» TASK GOAL:
Copy the complete listing word for word, but do not carry over any images.

━━━━━ DATASET SECTION

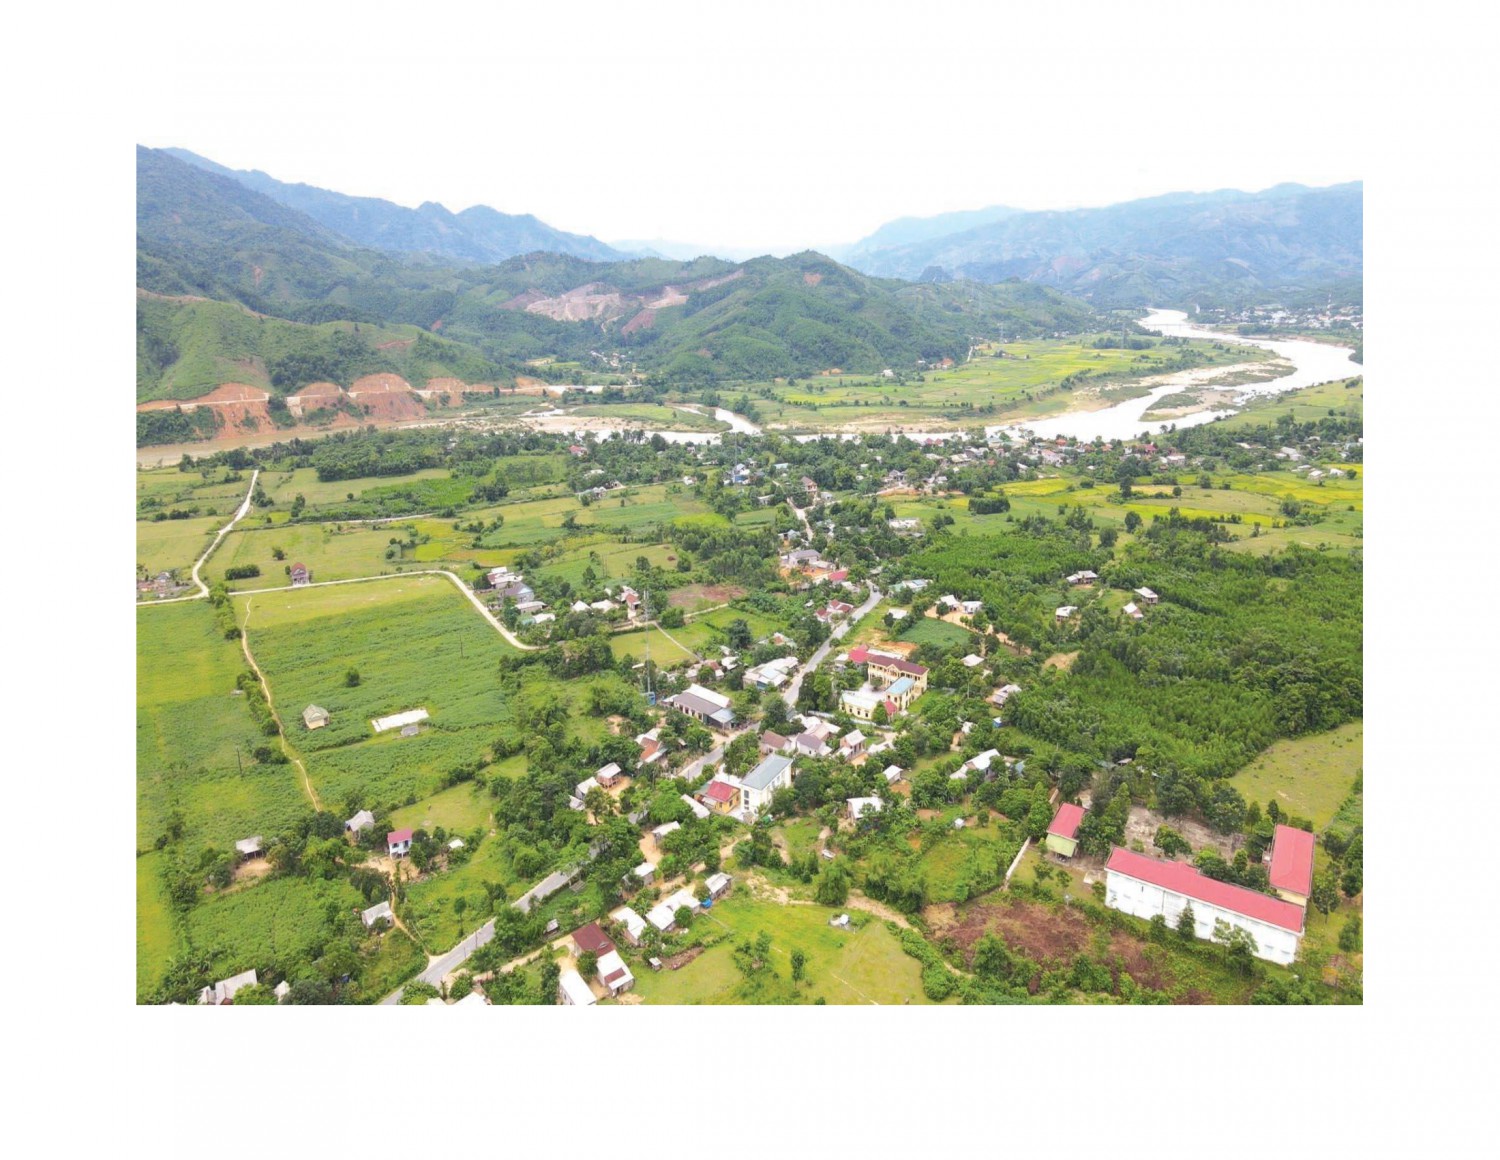 Bộ mặt nông thôn của xã Mò Ó, huyện Đakrông có nhiều khởi sắc sau gần 13 năm triển khai xây dựng NTM
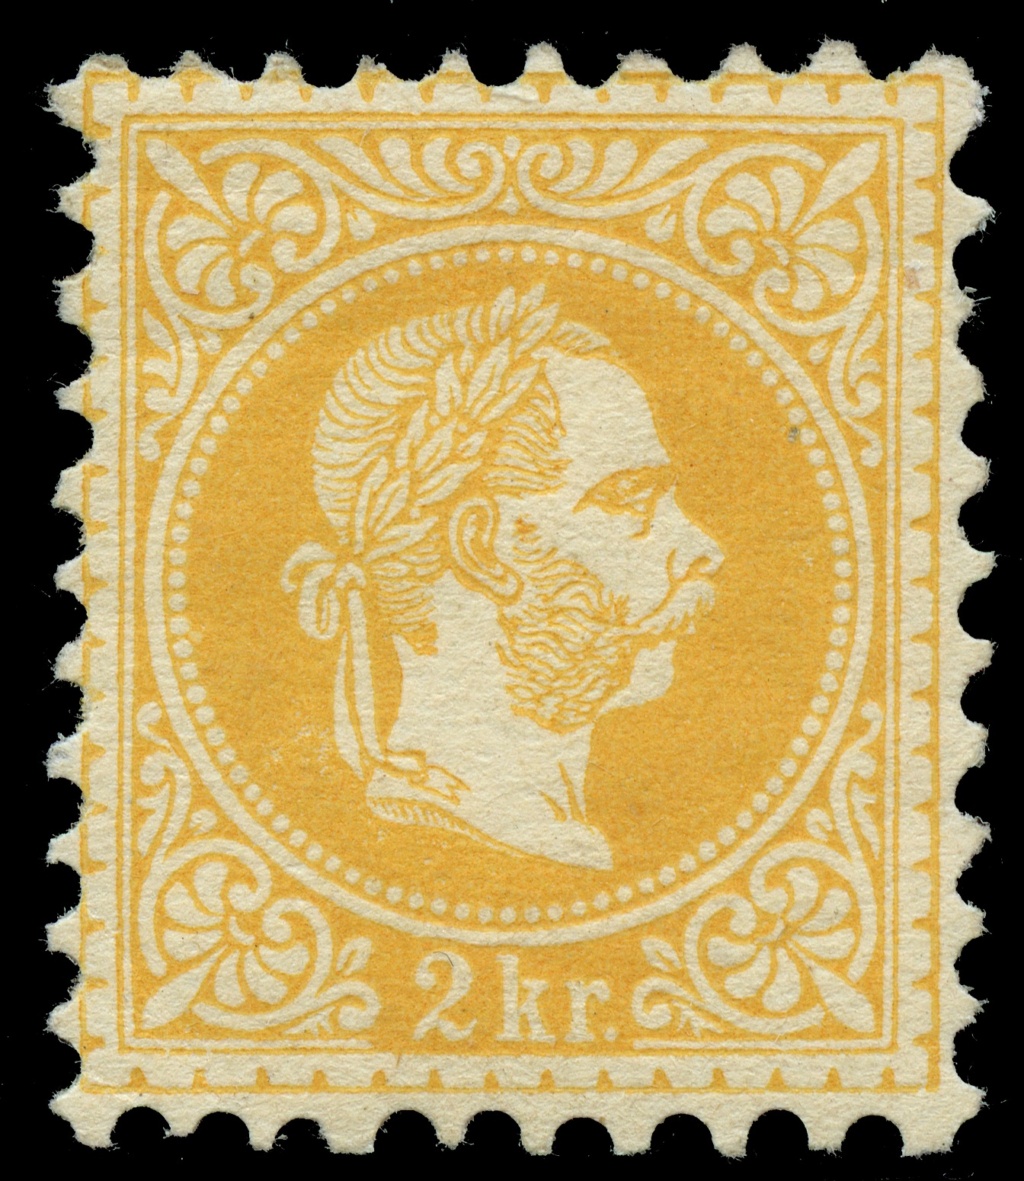 Osterreich - Freimarken-Ausgabe 1867 : Kopfbildnis Kaiser Franz Joseph I - Seite 23 Ank_3520
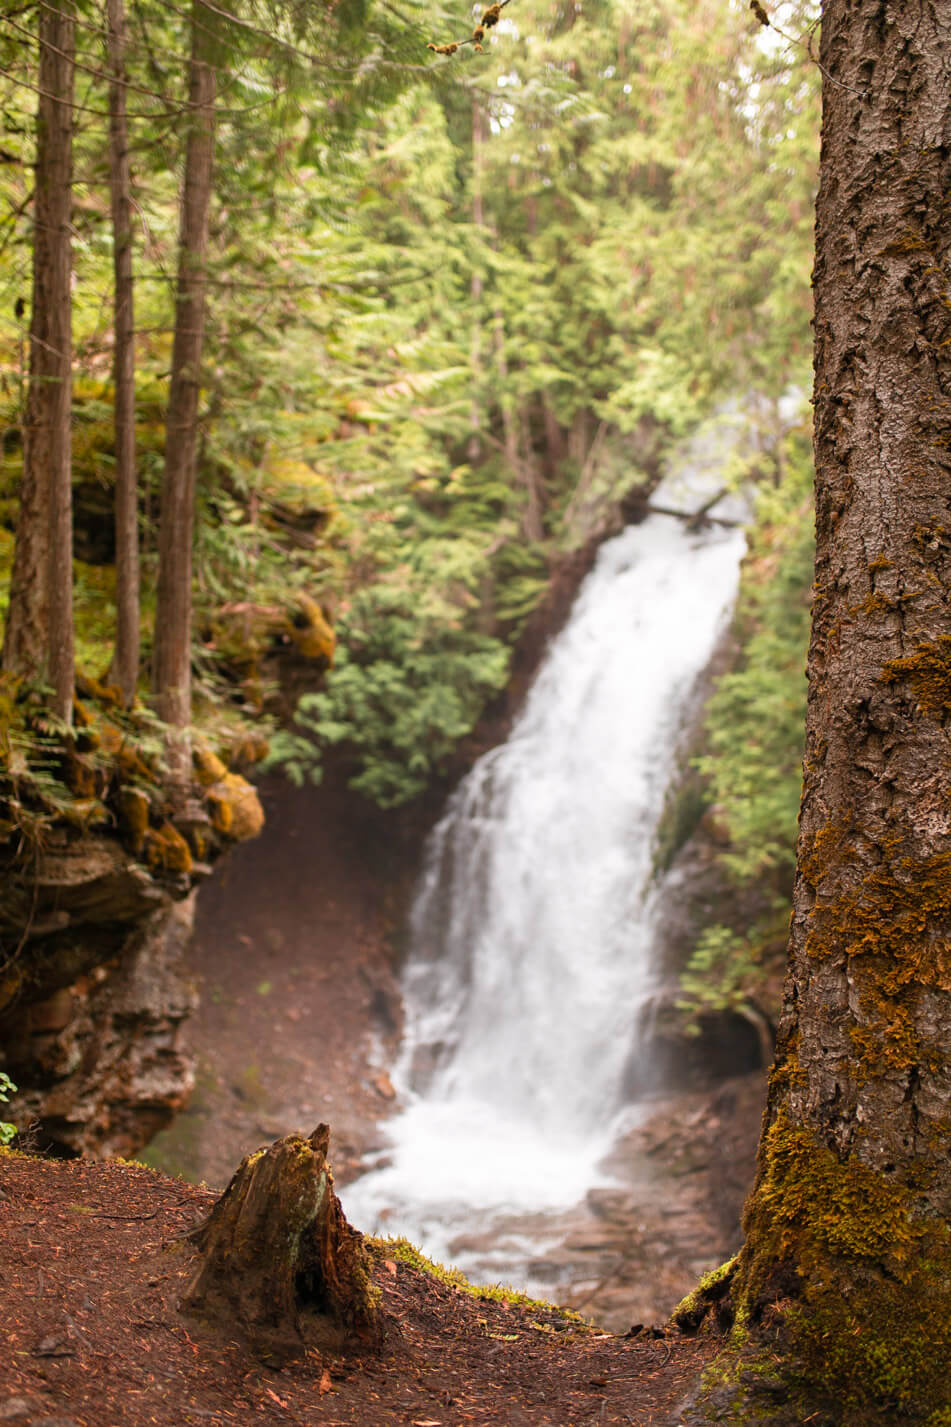 10 photos that will make you want to visit Kootenay Rockies, British Columbia

━━━━━━━━━━

» RESPONSE TO THIS EXERCISE:
 Bộ mặt nông thôn của xã Mò Ó, huyện Đakrông có nhiều khởi sắc sau gần 13 năm triển khai xây dựng NTM
 Osterreich - Freimarken-Ausgabe 1867 : Kopfbildnis Kaiser Franz Joseph I - Seite 23 Ank_3520
 10 photos that will make you want to visit Kootenay Rockies, British Columbia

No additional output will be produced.